● **DATA PROVIDED**:
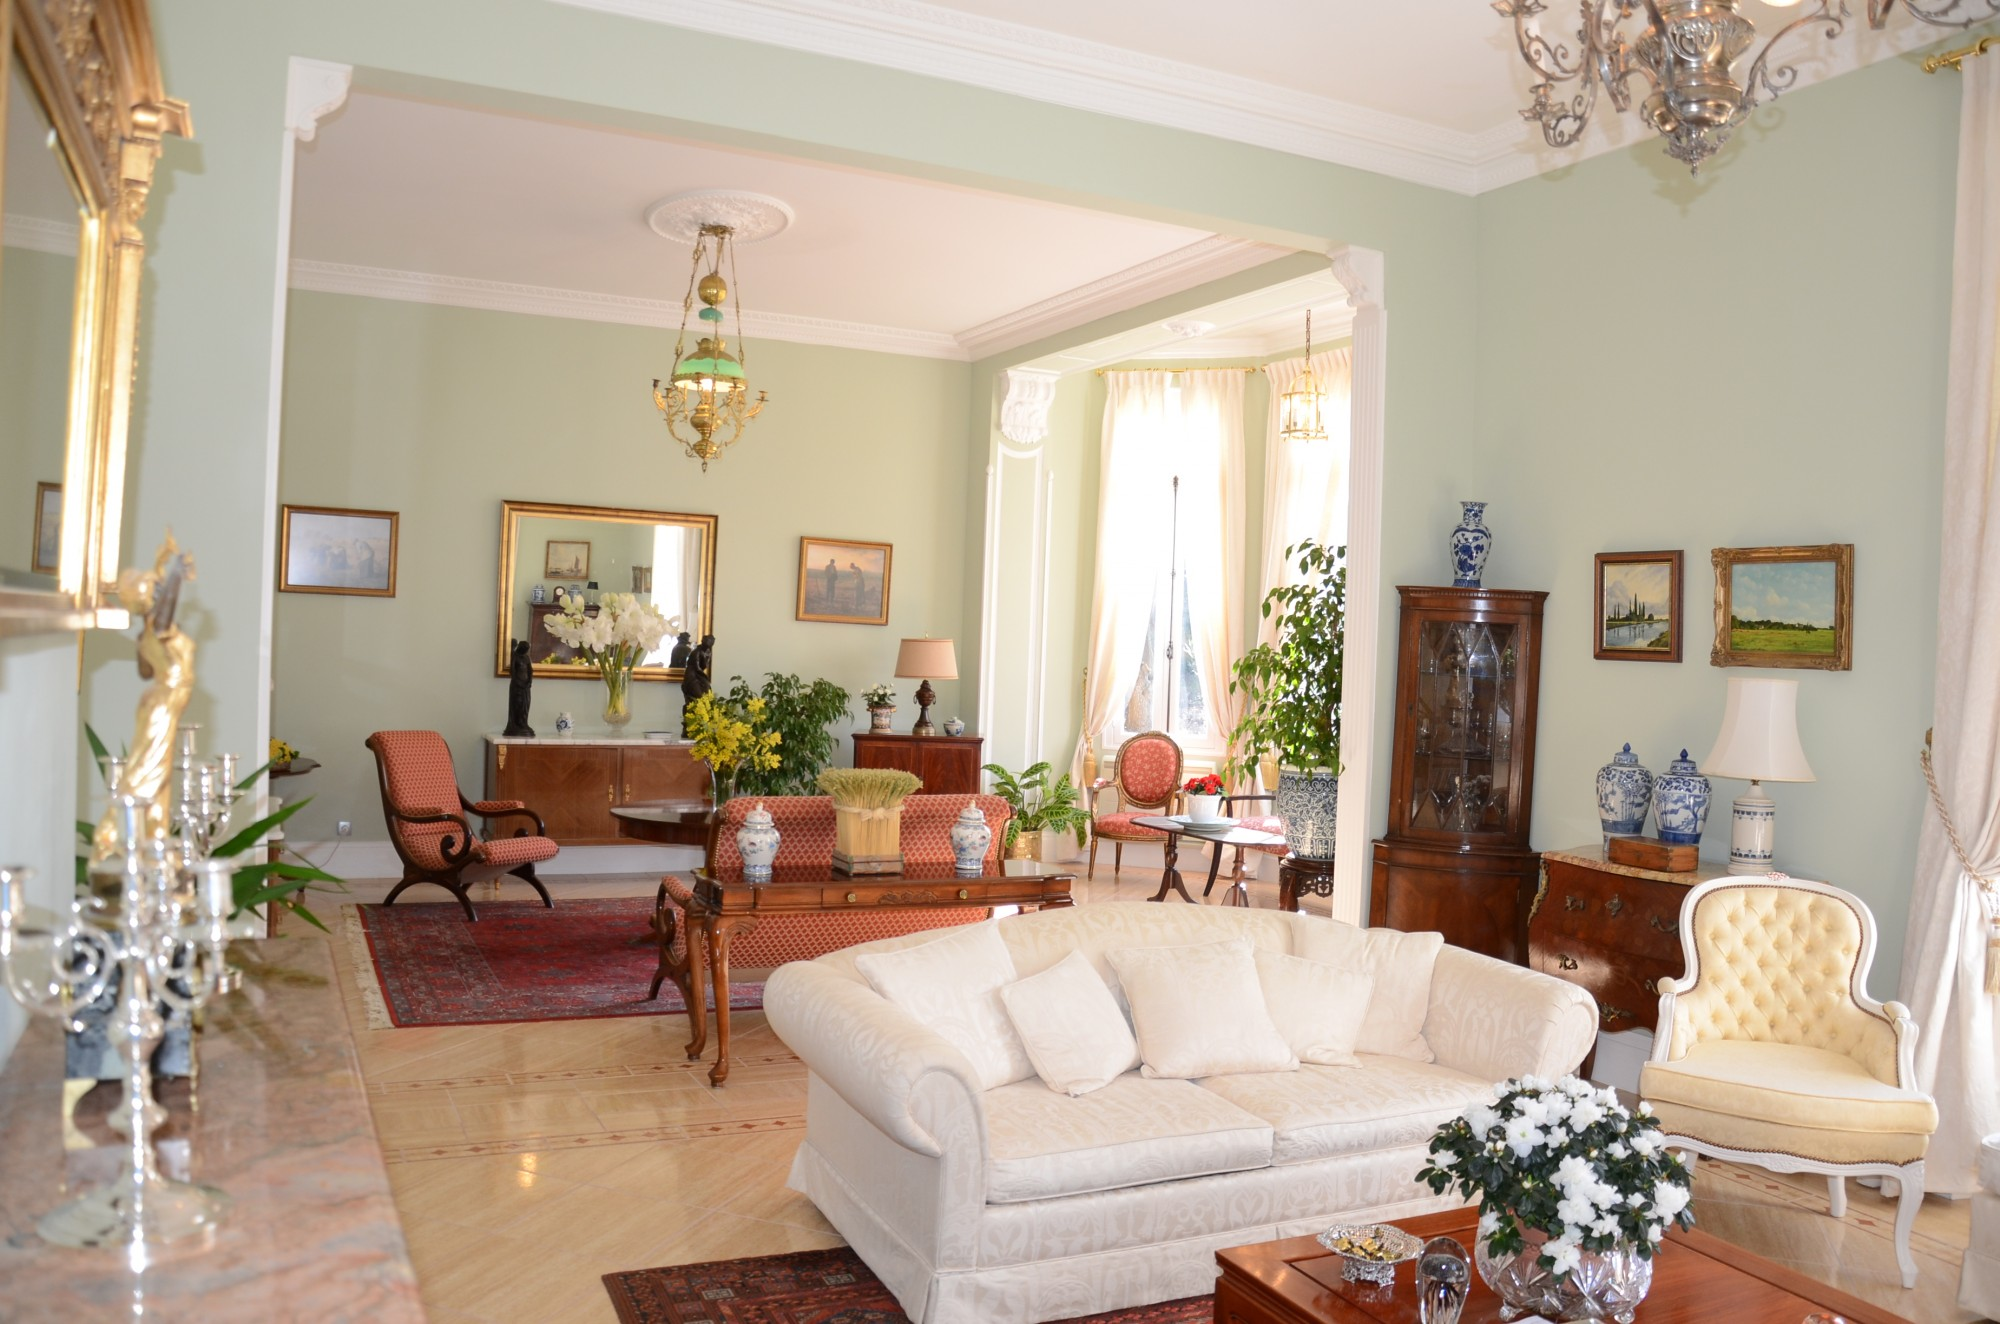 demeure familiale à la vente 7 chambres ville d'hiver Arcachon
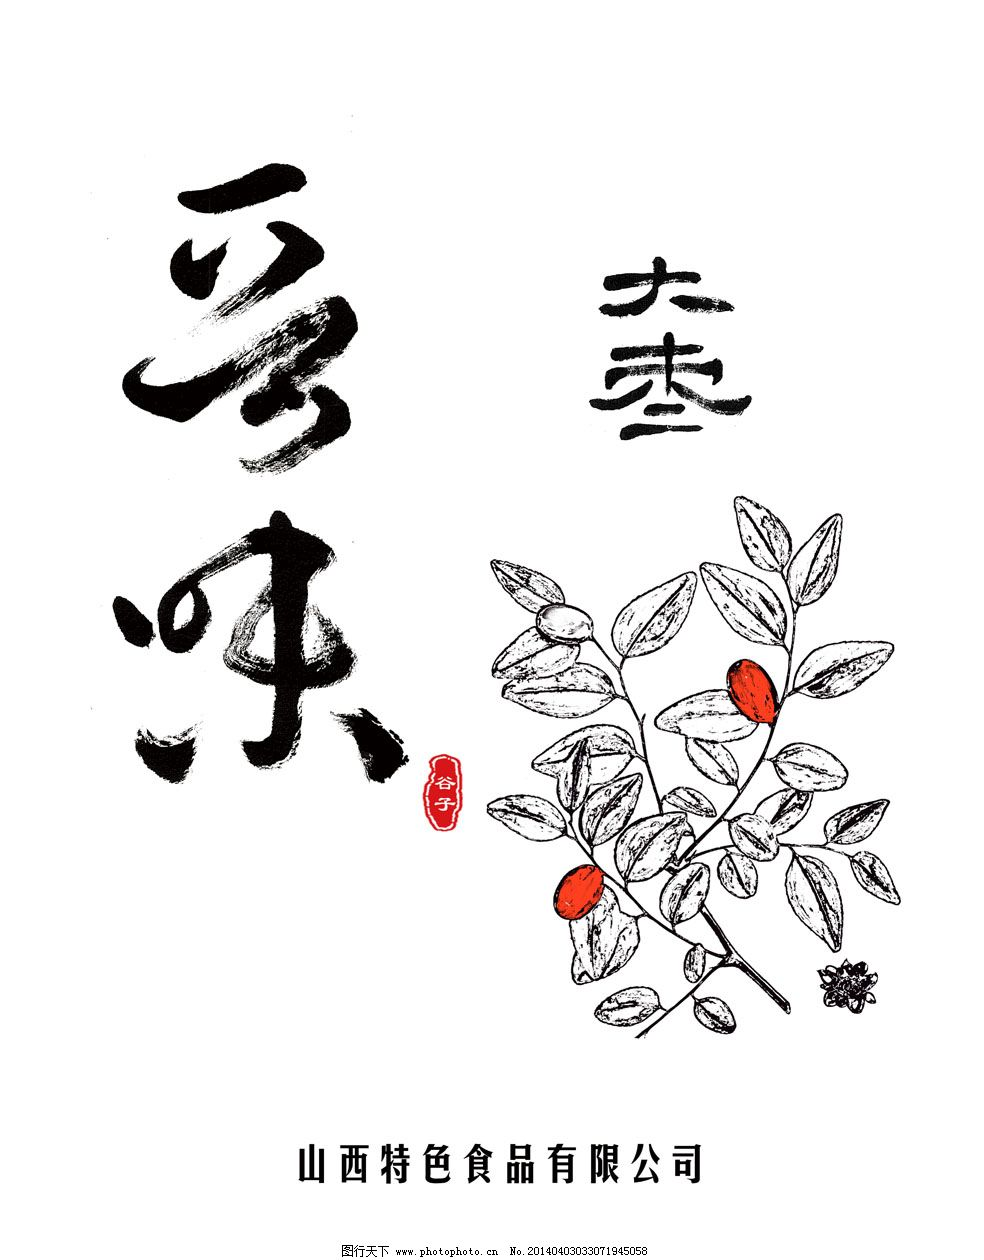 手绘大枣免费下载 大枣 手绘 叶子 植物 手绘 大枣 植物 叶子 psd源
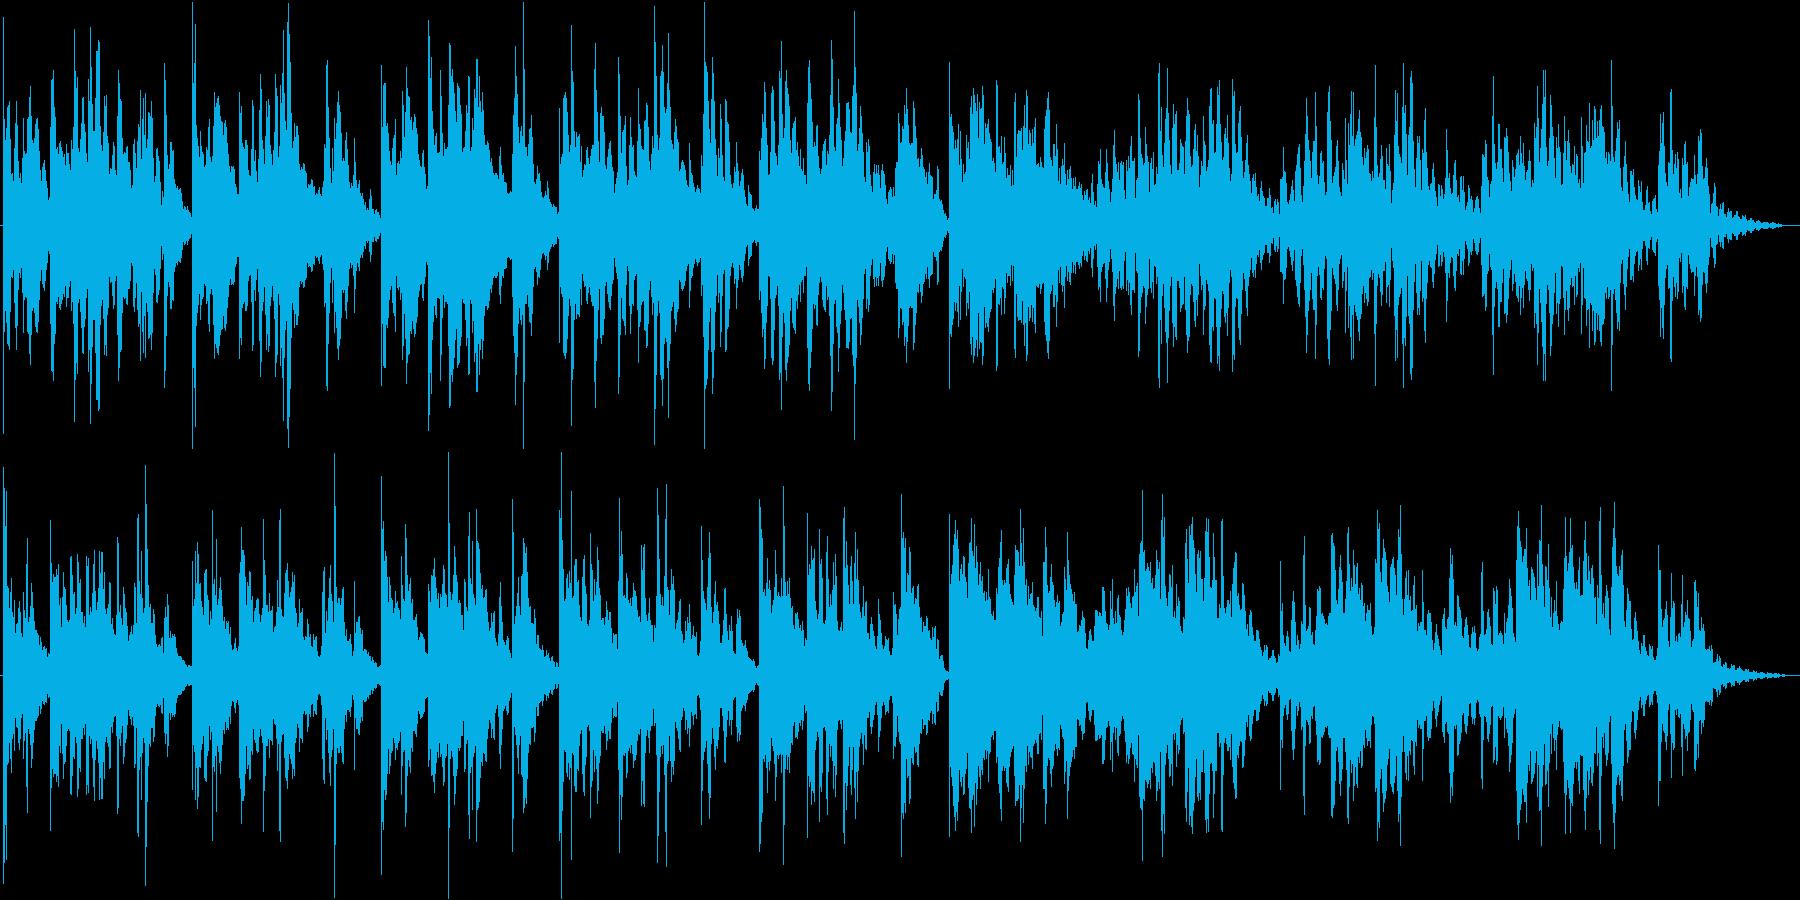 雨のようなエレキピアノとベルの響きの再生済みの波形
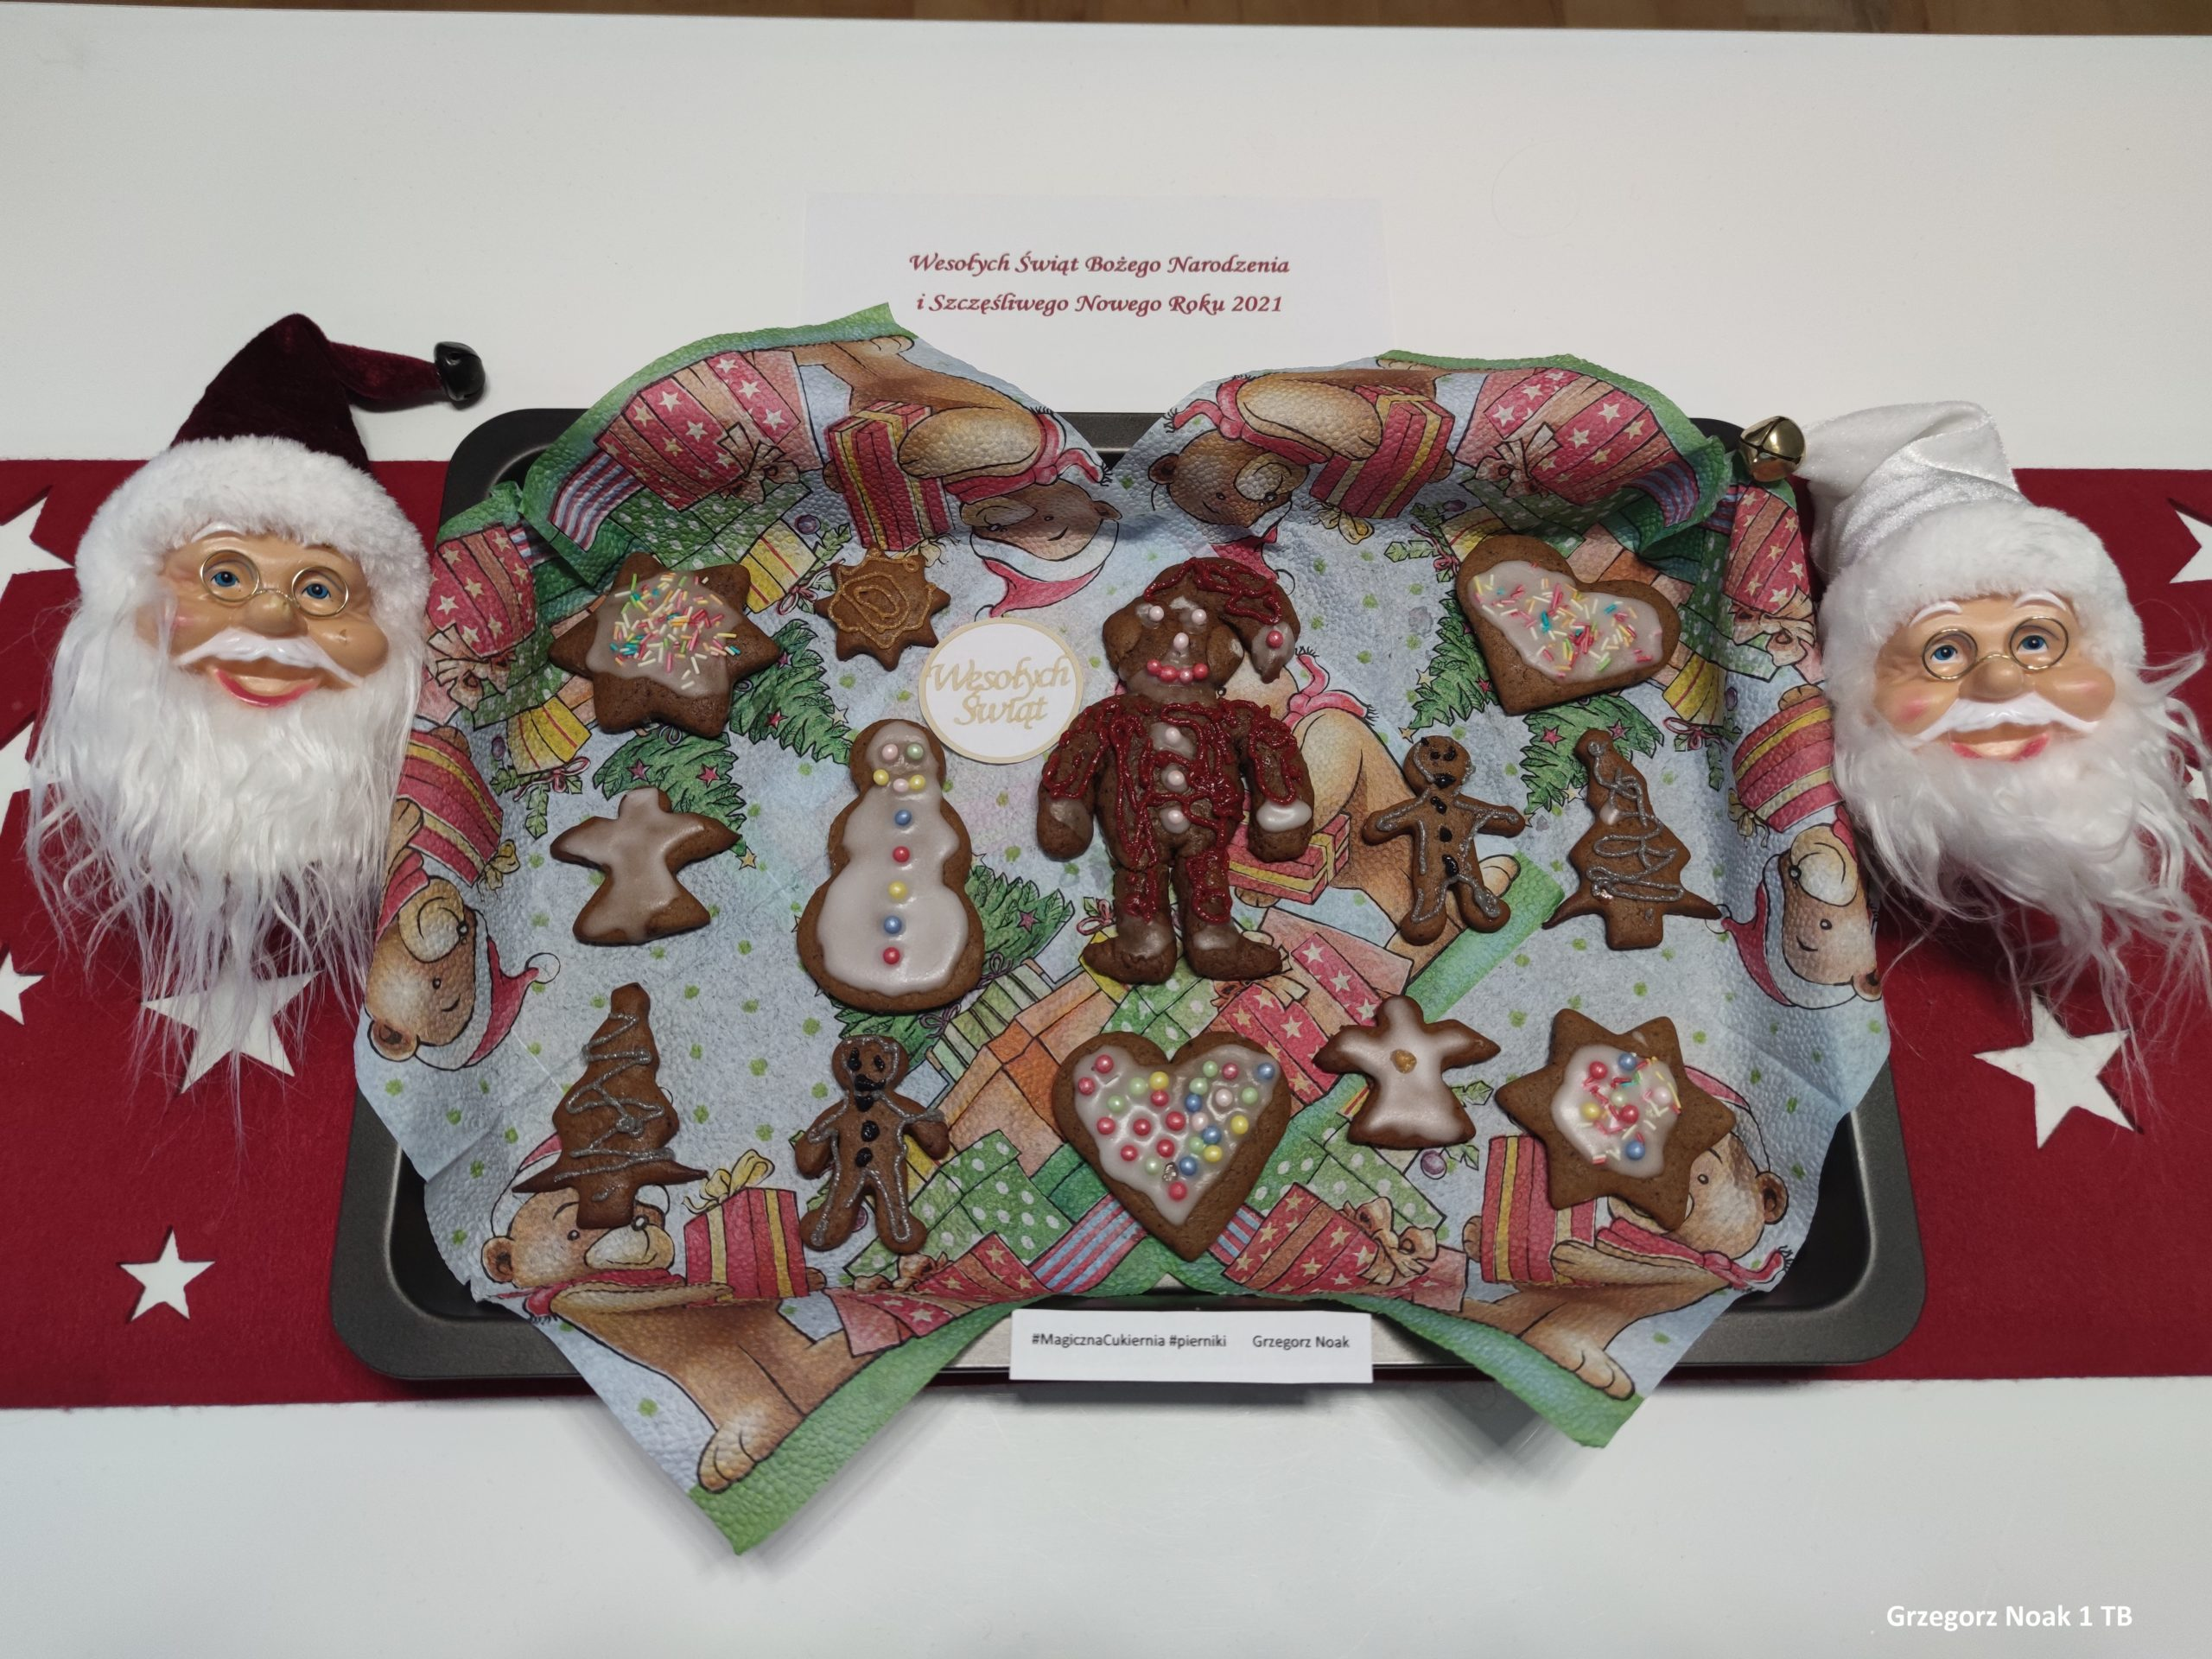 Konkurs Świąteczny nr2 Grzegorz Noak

● **EXERCISE BRIEF**: Your answer should be every line above, written out exactly, with no pictures.

● **RESPONSE TO THE TASK**:
 demeure familiale à la vente 7 chambres ville d'hiver Arcachon
 手绘大枣免费下载 大枣 手绘 叶子 植物 手绘 大枣 植物 叶子 psd源
 雨のようなエレキピアノとベルの響きの再生済みの波形
 Konkurs Świąteczny nr2 Grzegorz Noak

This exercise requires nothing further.